Trump’s Voter Commission Called a ‘fraud’

President Trump selected Kansas Secretary of State Kris Kobach to head his Presidential Advisory Commission on Election Integrity.
REV. JESSE JACKSON (RIGHT) speaks to Chicago Crusader’s Managing Editor Sharon Fountain and City Editor Erick Johnson. (Photo by Chinta Strausberg)

By Chinta Strausberg, Chicago Crusader

Now that the House and Senate have passed the Automatic Voter Registration (AVR) bill, Rev. Jesse Jackson said once Gov. Bruce Rauner signs the bill, the next fight is to get a Constitutional right to vote, but he’s more concerned about GOP voter suppression.

The fight comes as Jackson’s Rainbow PUSH Coalition prepares to hold its 46th annual Citizenship Education Fund International Convention July 12-15 at the Hilton Chicago, 720 S. Michigan Avenue.

Anticipation is building in Chicago where Jackson aims to address voter suppression and health care for the poor and elderly. While Jackson eagerly waits for Rauner to sign the Automatic Voter Registration bill making Illinois the ninth state to have automatic voter registration, he says President Trump’s tweets criticizing the media and grabbing headlines are nothing more than a diversion from his real intentions of voter suppression.

Jackson was referring to Trump’s Election Integrity Commission he created based on his belief that there was massive voter fraud in the last presidential election. While Trump won the Electoral College vote, he lost the popular vote to Democratic challenger Hillary Clinton by nearly three million votes.

Trump’s demands that states send him voter information including social security numbers, date of birth, 10-year voting history, name, address and party affiliation, has been met with resistance from at least 41 states that are refusing to turn over that confidential information.

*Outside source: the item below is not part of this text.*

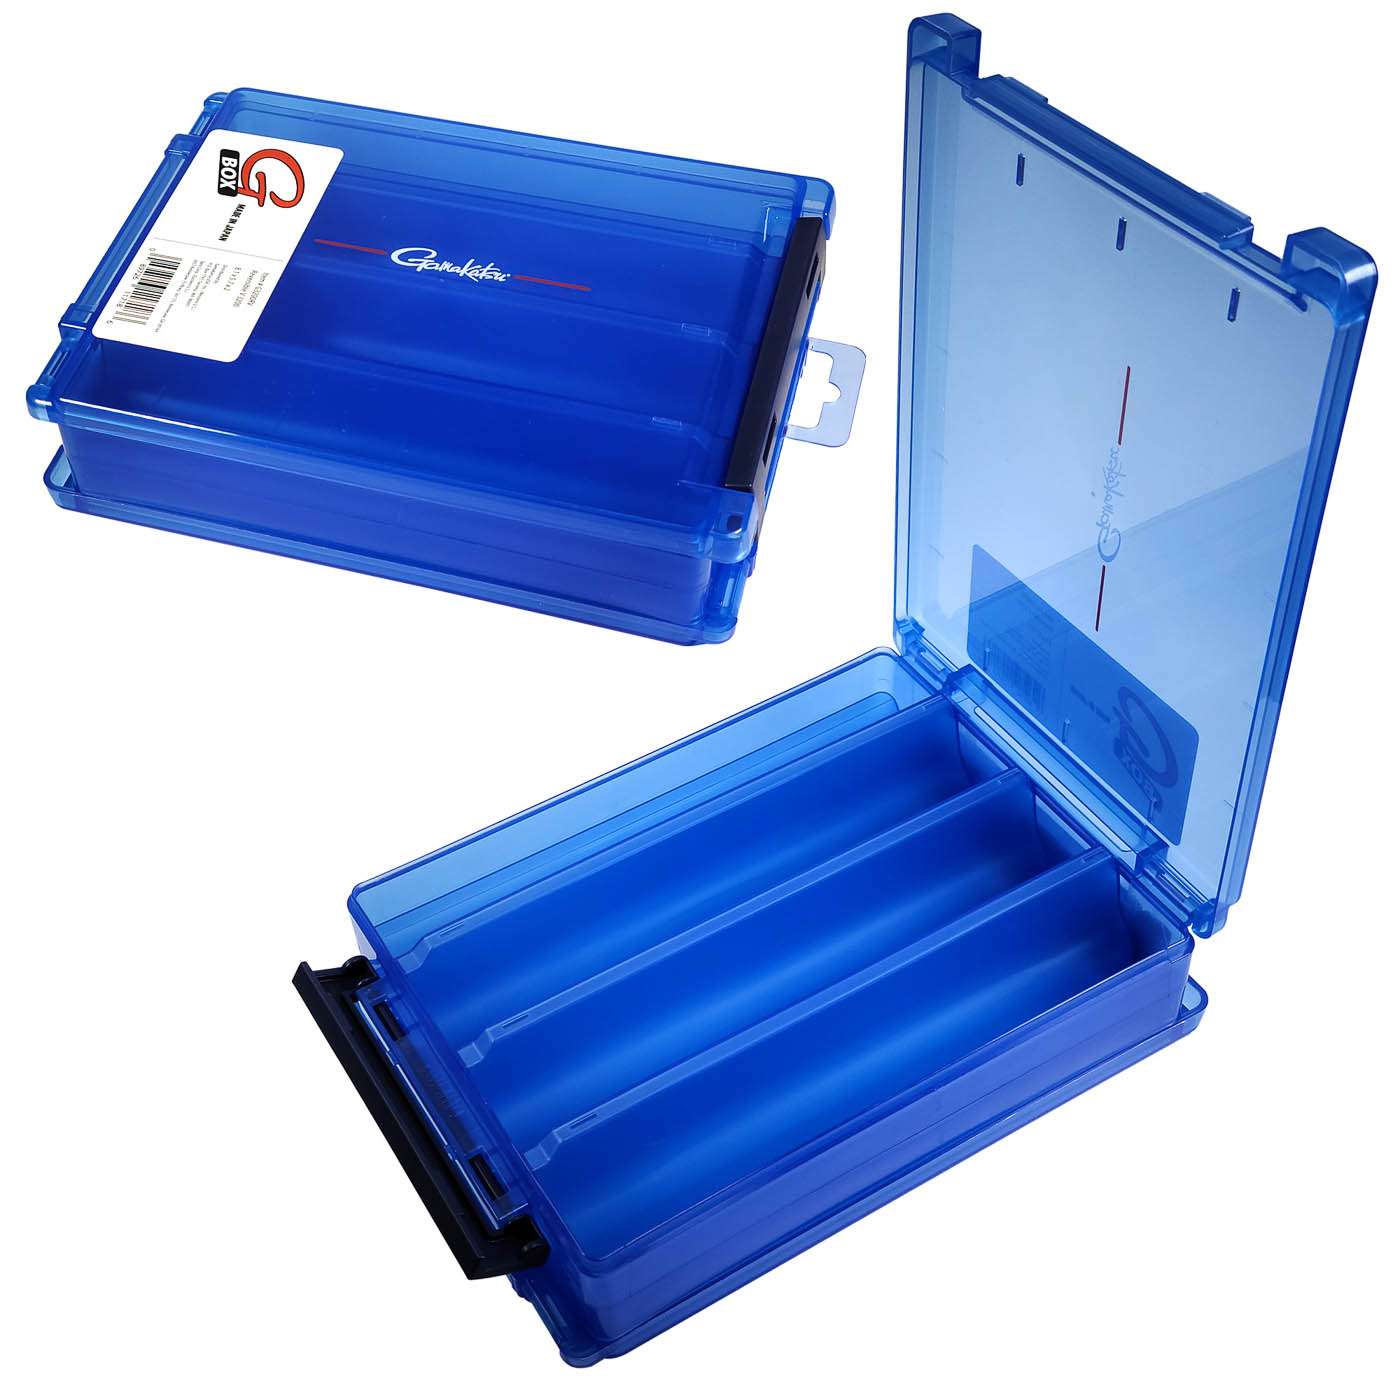 <p><strong>Gamakatsu G-Box Reversible 3200</strong></p><p>Gamakatsu takes tackle storage to the next level with the new G-Box 3200 Reversible Utility Case. The innovative design places a lid on both sides of the box, effectively creating two separate containers in one unit. Each side of the G-Box 3200 Reversible Utility Case has its own lid, doubling tangle-free storage space in each container. The new design features V-shaped dividers that keep saltwater jigs, crankbaits and other favorites organized and ready to go. Stash a different type of lure on each side and switch fishing styles with a flip of a box. Wide, locking latches keep the boxes securely shut even if they bounce along in the boat or the bag. $16.88. <a href=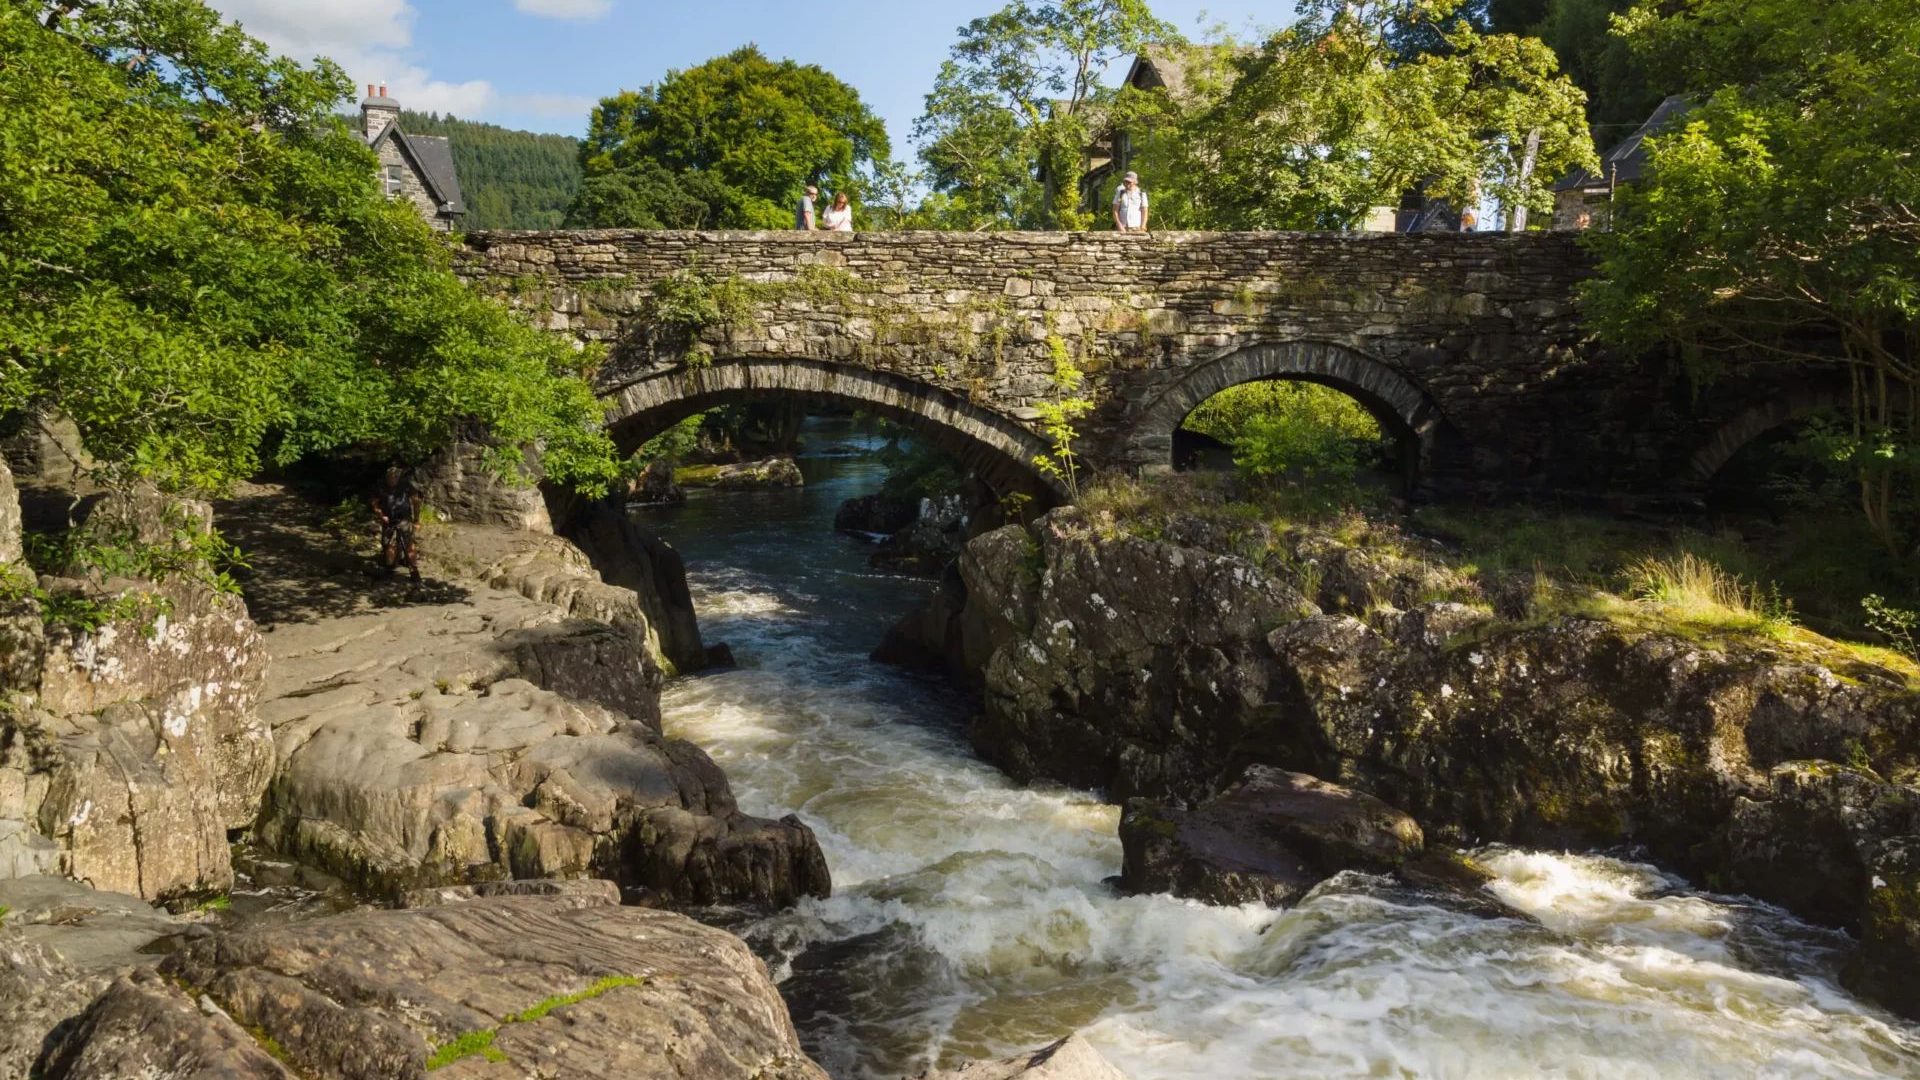 A bridge over the river in Betws-y-Coed, Wales

At an editorial board meeting at the Chicago Crusader, Jackson called the states’ reluctance to comply with Trump’s demands “sensible,” warning that the list would be a treasure trove of information for cyber thieves. Jackson said the commission “is founded on a lie” and that it “perpetuates a fraud.”

Jackson accused Trump of using the commission to justify his “whopper” that he would have won the popular vote if three to five million voters had not voted fraudulently.

“There is no evidence that anyone of any political stripe can find to back up that lie,” said Jackson. He said the fraudulent voting in the U.S. is “rare, isolated and insignificant.”

Jackson says the purpose of Trump’s commission is simply to perpetuate a fraud with the goal of instilling “fears about voter fraud to suppress voting to make it harder to register and vote,” especially for working and poor people.

But to add insult to injury, Jackson said the commission is headed by Kansas Secretary of State Kris Kobach, vice chair of the commission, who has a “notorious” reputation of fighting for voter suppression laws along with “feeding fears about illegal immigration,” said Jackson.

Painting a clear picture and purpose of the commission, Jackson said the move was set up to “push the new Jim Crow voting laws which require picture IDs, curtail early voting, cut back on voting booths, ban Sunday voting and repeal automatic or motor-voter registration.” The commission, Jackson said, “is a fraud, with the real reason to make it harder to vote,” designed to suppress the vote of people of color.

The proof, Jackson said, is from the last election where 40 counties with the largest Black populations were allocated 158 fewer polling places. Trump won Wisconsin by 27,000 votes, but Jackson said about 300,000 couldn’t vote because they lacked the newly required forms of ID. “Turnout in 2016 was the lowest in decades” especially in Milwaukee where Jackson said 70 percent of the state’s Blacks live.  Polling places on many universities were moved miles from the campuses.

The answer to voter suppression, Jackson said, is Automatic Voter Registration, which would put millions of people on the voting rolls. He urged the Democrats to create their own independent commission designed to end voter suppression. “Voting is the essential right in a democracy. It needs to be protected not suppressed,” said Jackson.

He also called for candidates to get their political funds from within their districts, and not outsiders. “People being served should pay for the service in their district.  Somebody of royalty should not be able to buy a state.”